Response from co-worker #1: "I'm all out of Pepsi. I'm going to the Dairy Mart across the street. I like Pepsi."
Response from co-worker #2: "...." (munches silently on her food, as the lunch hour is almost over.)
Me, giving up on the possibility that co-worker #1 will ever be interested in anything I say in casual conversation, and prompting co-worker #2: "Would you have wanted him to make your sandwich?"
Co-worker #2: "I probably would have felt the way you did."
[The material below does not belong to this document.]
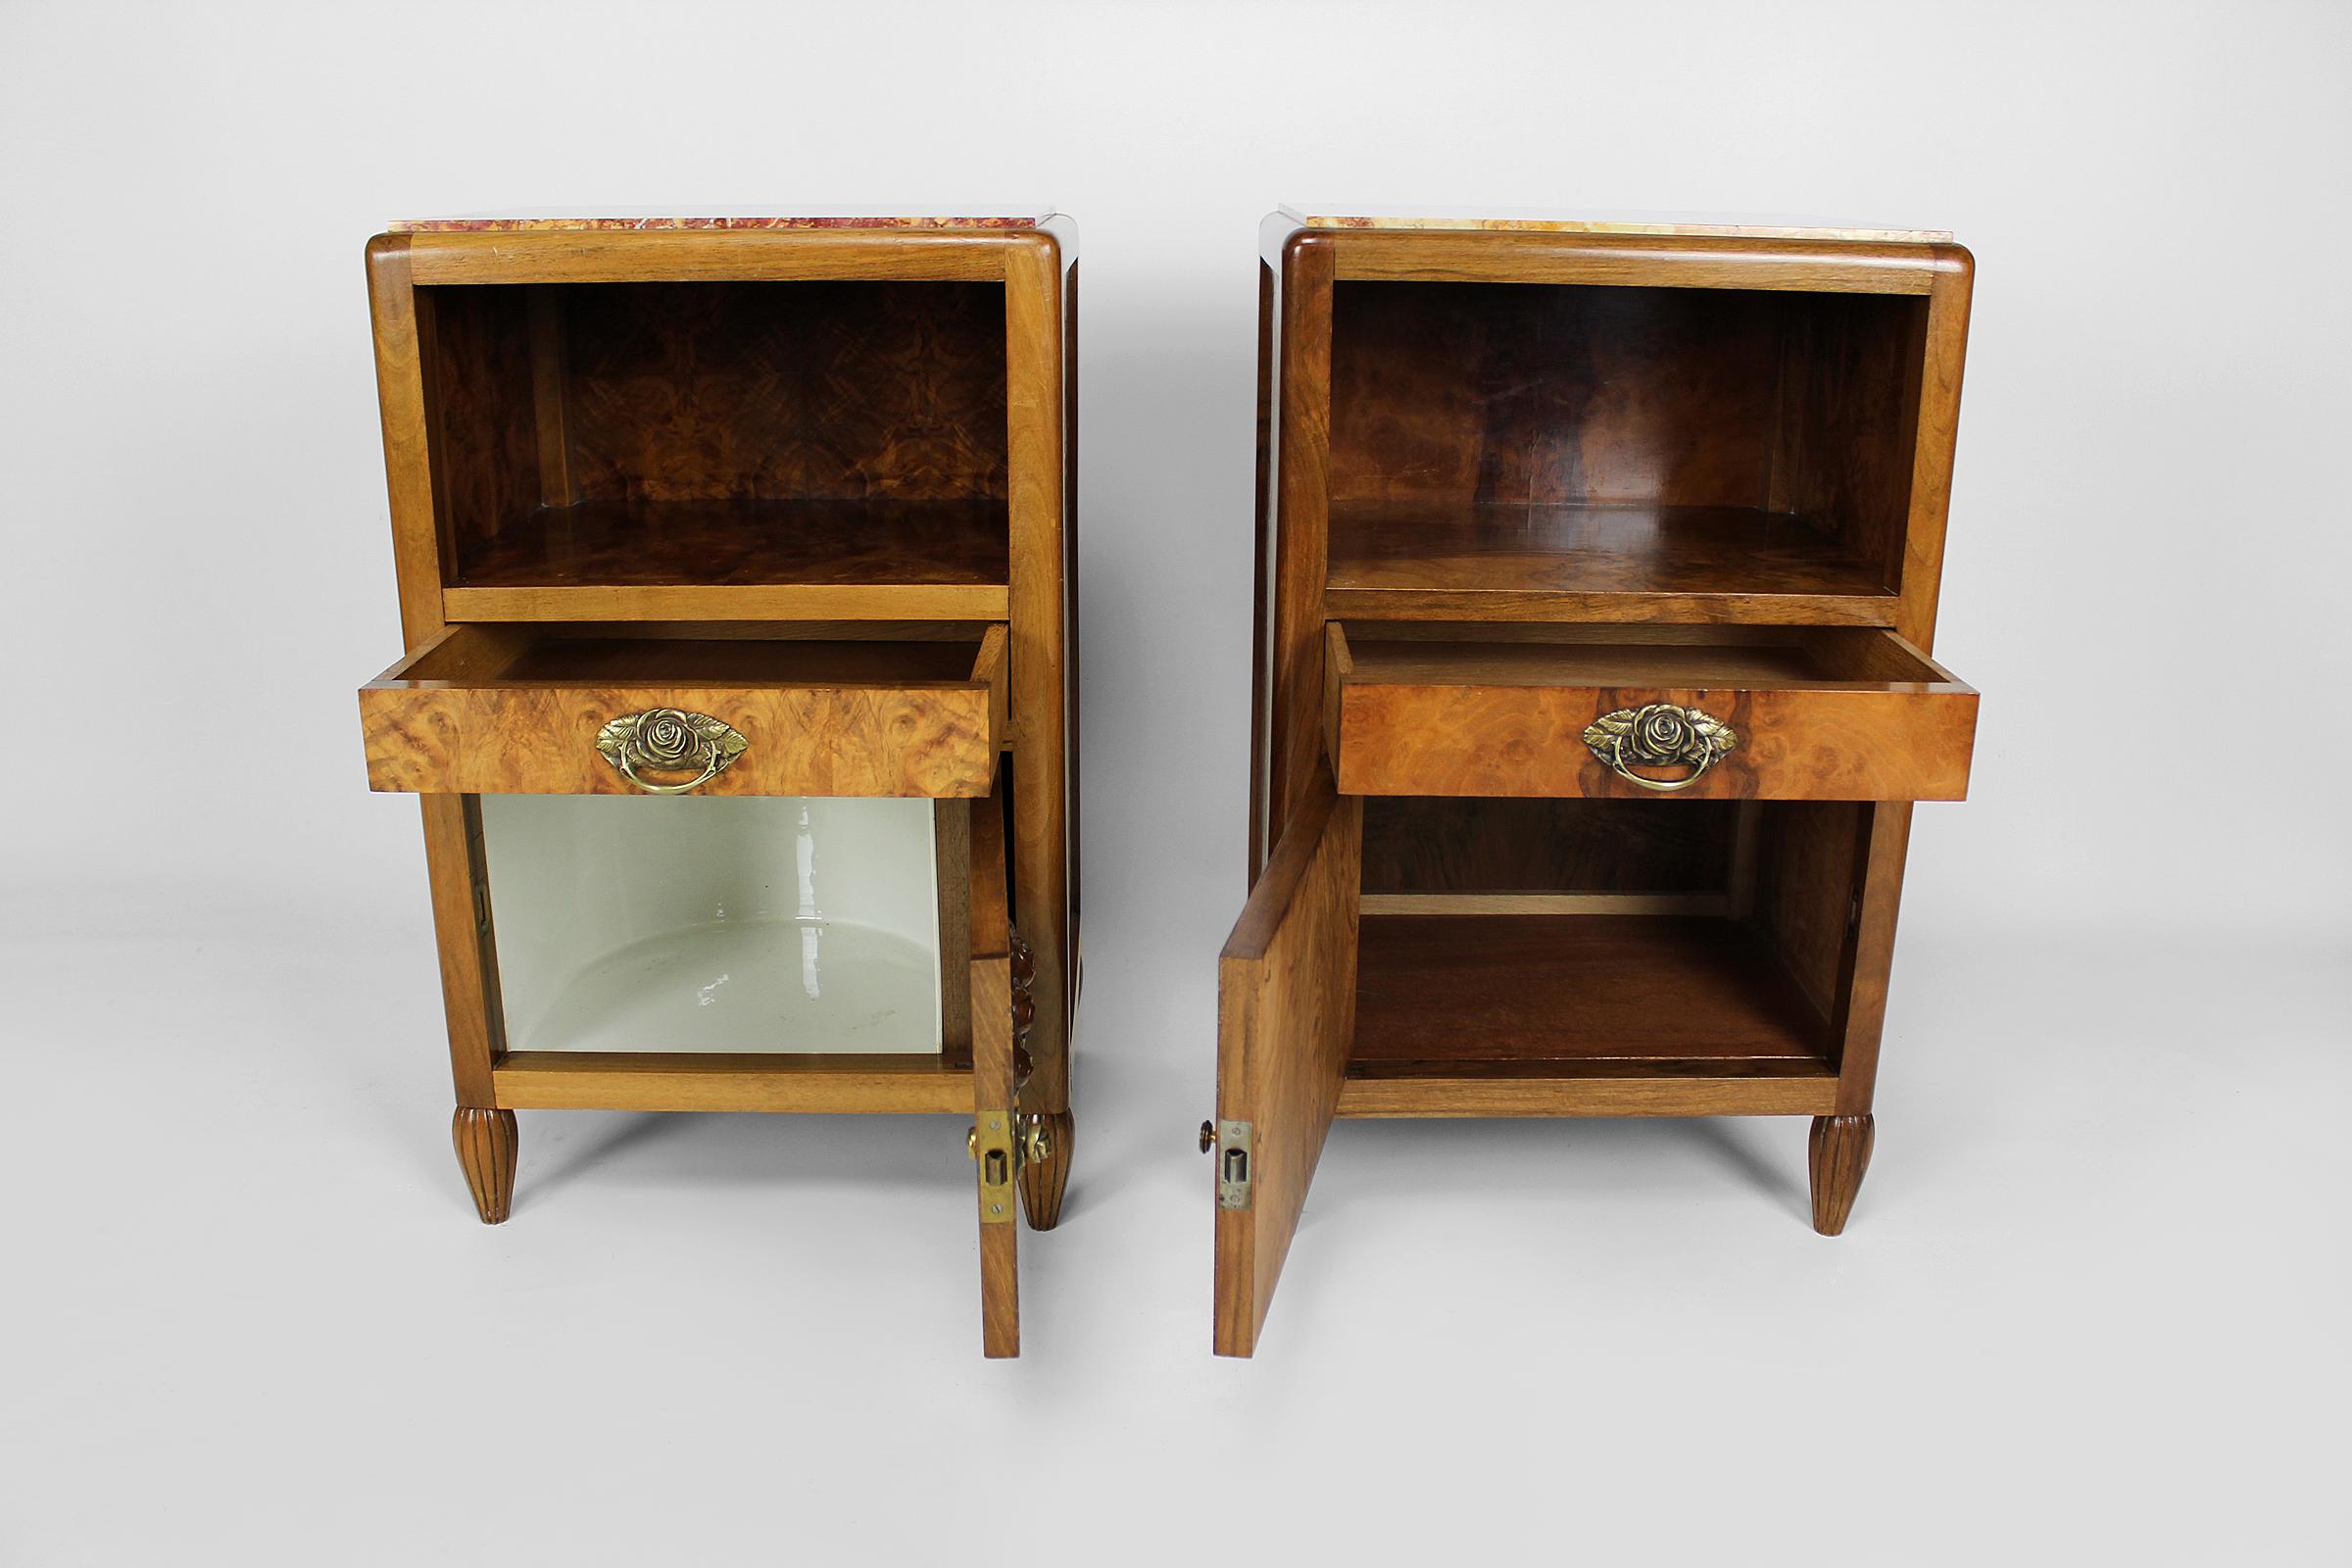 Pair of Art Deco Bedside Tables by Ateliers Gauthier-Poinsignon, circa 1920-1930 For Sale 2

Response from co-worker #3: "Paper or plastic?" (He holds up his new lunch bag, made of recycled materials, from Wal-Mart, and reads the message on the side of the bag.)

Afterthought:
Now that I really think hard about it, at the end of all this writing about my start-and-stop, start-and-stop lunch hour, I believe I was having flashbacks to the days I worked in restaurants and had to take things out of the ovens with the community oven mitts, which, incidentally, were home to a restaurant just across the street at the old and now-defunct steak restaurant. Those mitts were absolutely disgusting inside. Everyone used them, and they never got washed. They were greasy and dirty inside, and old and falling apart. Now I know I'm not crazy. I just have to search inside myself for answers, rather than turn to my co-workers for validation. I'm glad I worked this all out just now.